In November 2009 the IASB issued IFRS 9 (Financial Instruments), which addresses the classification and measurement of financial assets. Publication of IFRS 9 marks the completion of the first part of a three-part project to completely revise the accounting treatment of financial instruments. The new standard defines two instead of four measurement categories for financial assets, with classification to be based partly on the company’s business model and partly on the characteristics of the contractual cash flows from the respective financial asset. An embedded derivative in a structured product will no longer have to be assessed for possible separate accounting treatment unless the host is a non-financial contract. A hybrid contract that includes a financial host must be classified and measured in its entirety. Application of IFRS 9 is mandatory for annual periods beginning on or after January 1, 2013. It has not yet been endorsed by the European Union. The Bayer Group is currently evaluating the impact that the application of the new standard may have on the presentation of its financial position and results of operations.

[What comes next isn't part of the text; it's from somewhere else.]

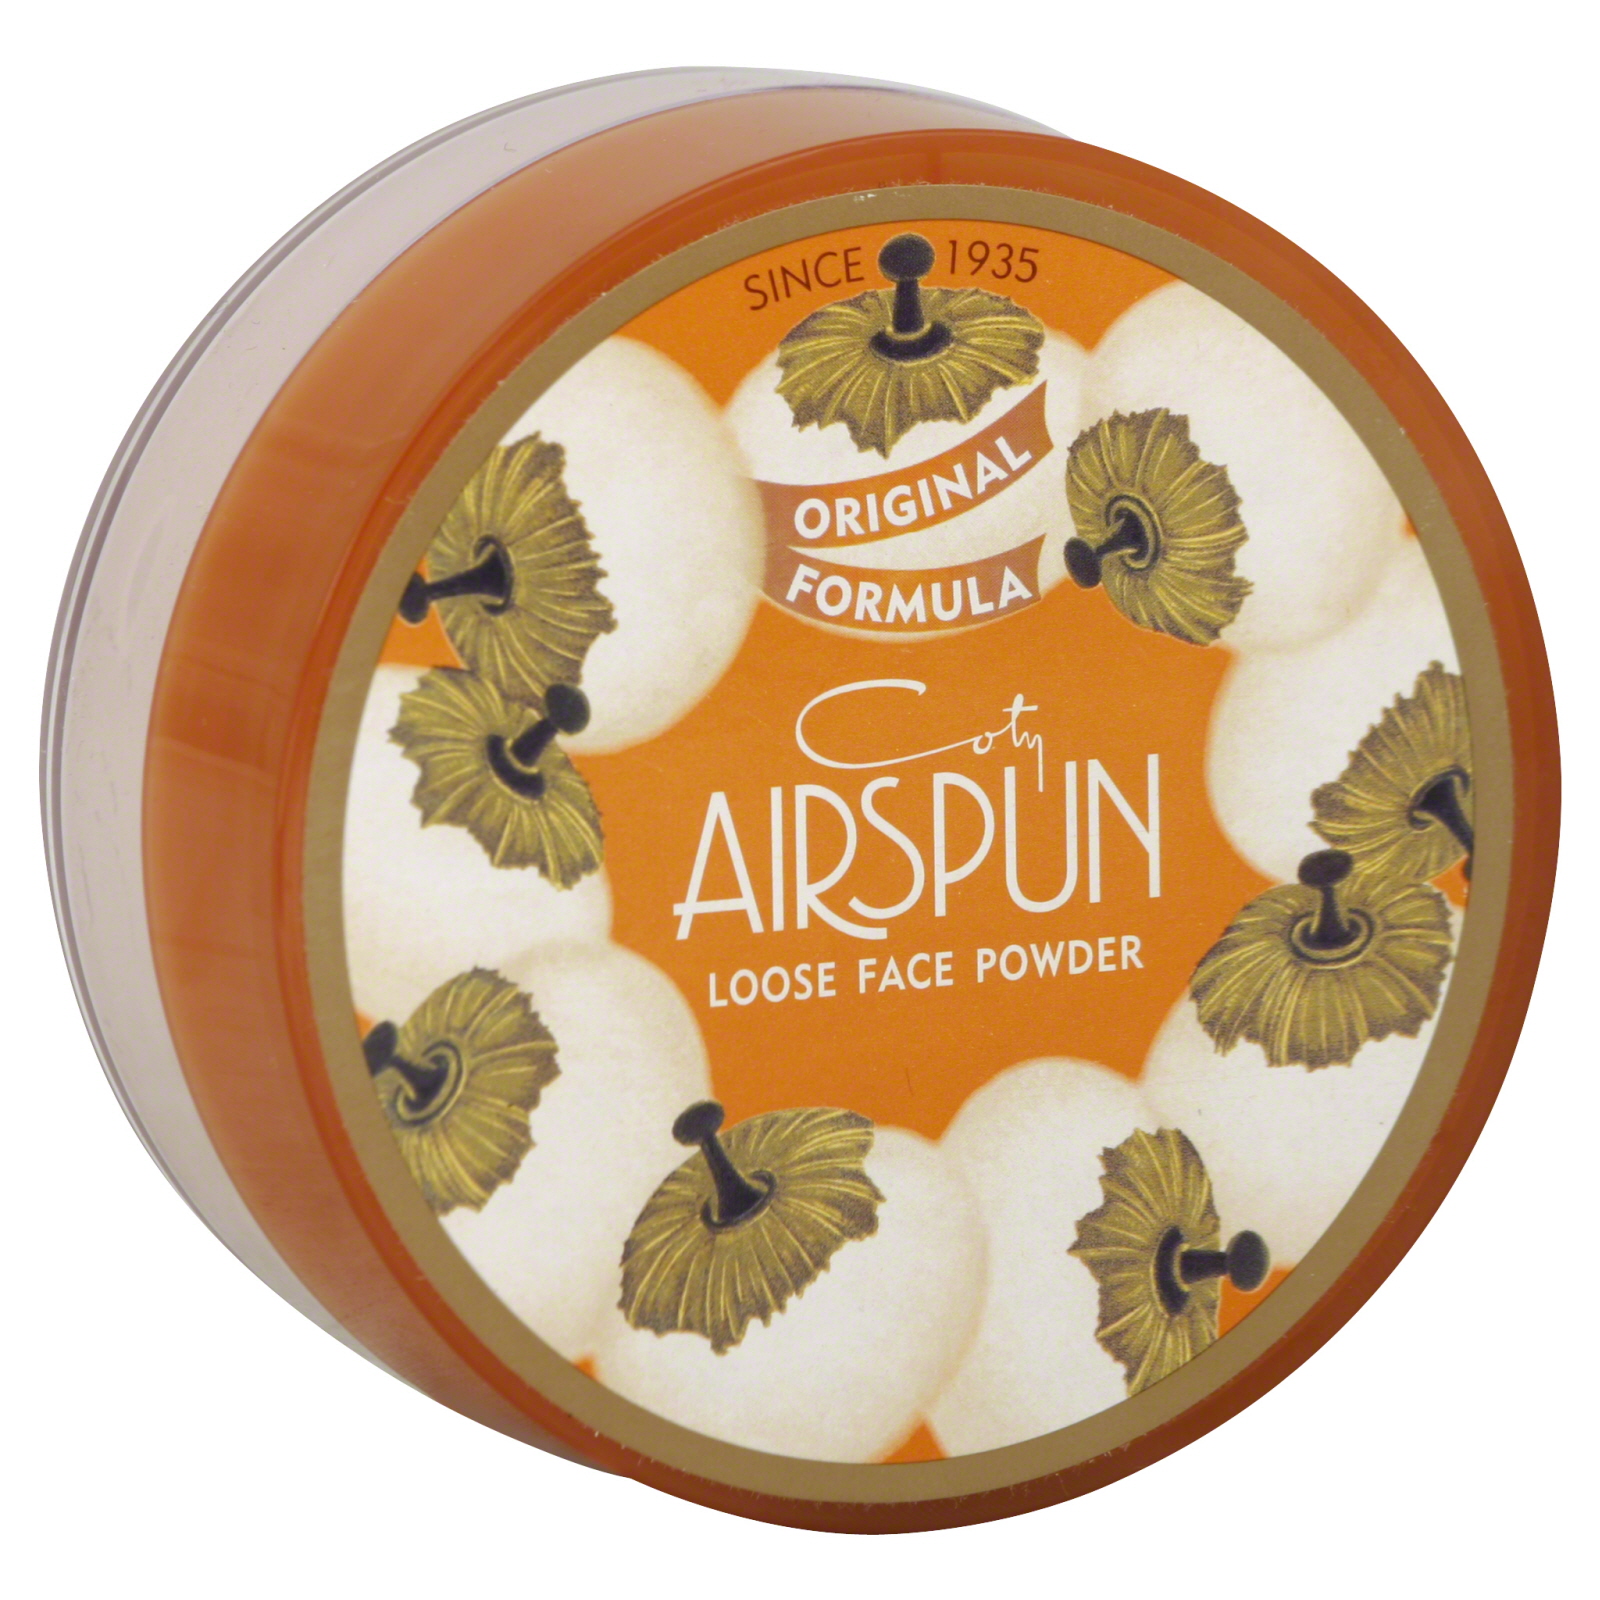 Coty Airspun Powder
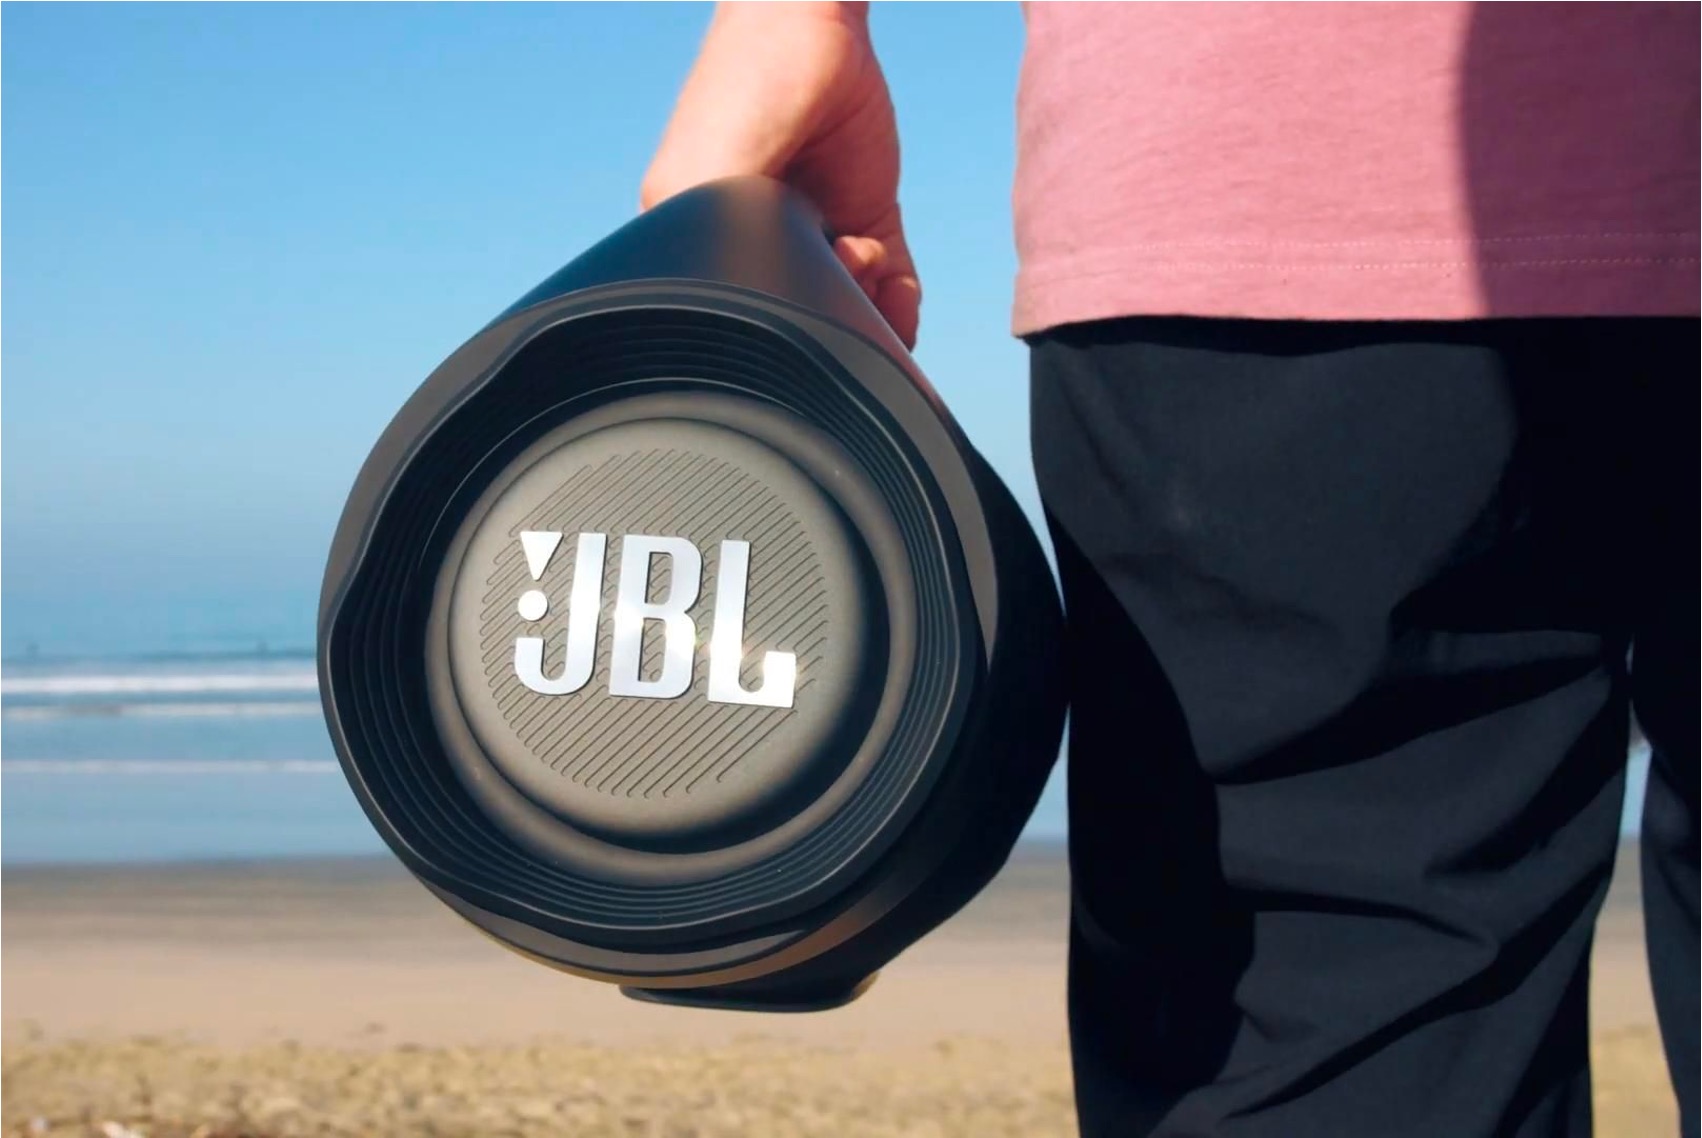 Jbl звучание. JBL inside. JBL 18 дюймов динамик. JBL Soundgear для бега. Вайб JBL обои.

IFRIC 17 (Distributions of Non-cash Assets to Owners) was issued in November 2008. The interpretation addresses the recognition and measurement of liabilities related to non-cash dividends. It clarifies when an obligation to distribute a non-cash dividend is to be recognized, that it must be measured at fair value, and that the difference between the dividend paid and the carrying amount of the net assets distributed must be recognized in profit or loss at the distribution date. This interpretation is to be applied prospectively for annual periods beginning on or after July 1, 2009. It will not have a material impact on the presentation of the Group’s financial position or results of operations.
IFRIC 19 (Extinguishing Financial Liabilities with Equity Instruments) was issued in November 2009. The interpretation addresses the accounting treatment in cases where a company settles all or part of a financial liability by issuing equity instruments to the creditor. It is to be applied for annual periods beginning on or after July 1, 2010. Earlier application is permitted. The interpretation has not yet been endorsed by the European Union. Its impact on the presentation of the Group’s financial position and results of operations will depend on the extent to which financial liabilities are settled with equity instruments in the future.
In November 2009 amendments were issued to IFRIC 14 (IAS 19 – The Limit on a Defined Benefit Asset, Minimum Funding Requirements and their Interaction), an interpretation of IAS 19 (Employee Benefits). The amendments apply when a company is subject to minimum pension plan funding requirements. They enable prepayments of the respective contributions to be recognized as an asset. The amendments are to be applied for annual periods beginning on or after January 1, 2011. Earlier application is permitted. They have not yet been endorsed by the European Union. These amendments will not have a material impact on the presentation of the Group’s financial position or results of operations.